Pourquoi ne saisissons-nous pas l'occasion d'aller vers ces gens précis, identifiés, pour leur proposer quelque chose qui leur permette de rester chez eux ou de retourner chez eux, mais pas en perdants honteux - car certains se suicident lorsqu'ils ont échoué dans leur projet d'émigrer? Pourquoi n'avons-nous pas de projets pour ces gens? Il vaut mieux agir ainsi plutôt que de simplement les refouler lorsqu'ils arrivent en bateau ou de les accueillir pour ensuite, un peu plus tard, les renvoyer, renvoi qui est d'ailleurs difficile à exécuter.
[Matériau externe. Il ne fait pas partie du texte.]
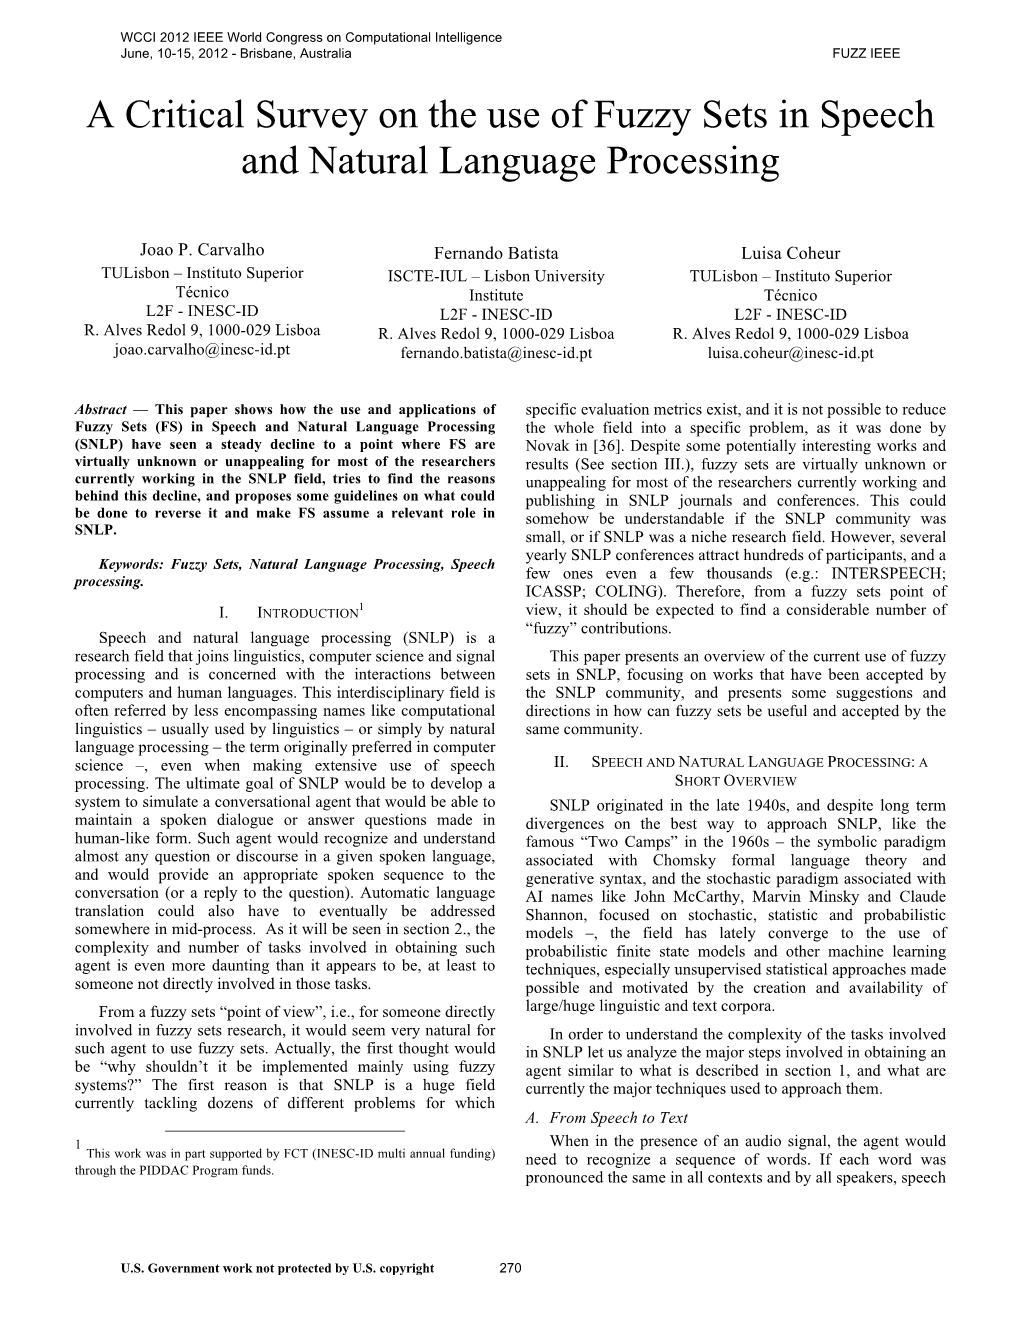 A Critical Survey on the Use of Fuzzy Sets in Speech and Natural Language Processing

Nous devrions avoir une politique à l'égard de ces gens qui soit une politique de réinstallation, une politique qui leur permette la redécouverte de l'espoir chez eux, une politique d'abord axée sur la dimension économique, certes, mais peut-être d'ailleurs aussi une politique d'aide à la reconstruction de la démocratie. En effet, on voit maintenant à quel point les aspirations vers des sociétés plus justes et démocratiques sont des éléments essentiels pour ces personnes.

Il s'agit donc là d'indiquer que notre politique étrangère va dans le bon sens, qu'elle a de bons instruments, mais qu'en particulier sur les points où nous pourrions coopérer intelligemment avec nos voisins européens, il y a encore des pistes importantes à explorer pour aller plus loin que ce que nous avons fait en 2010 et dans les années précédentes.

Nous pouvons ainsi restaurer une image qui a été écornée par les événements, comme l'affaire UBS par exemple, montrer à quel point nous savons être aussi un des pays à la pointe du progrès, je dirai, moral sur le plan international, et pas seulement un pays que l'on peut vilipender pour son égoïsme. D'ailleurs, pour terminer sur ce point et pour apporter un complément à cette question de l'égoïsme, je dirai à Monsieur Marty, sous forme de boutade, que l'égoïsme, lorsqu'il est véritablement intelligent, finit par retrouver l'altruisme dans ses finalités immédiates et ses instruments.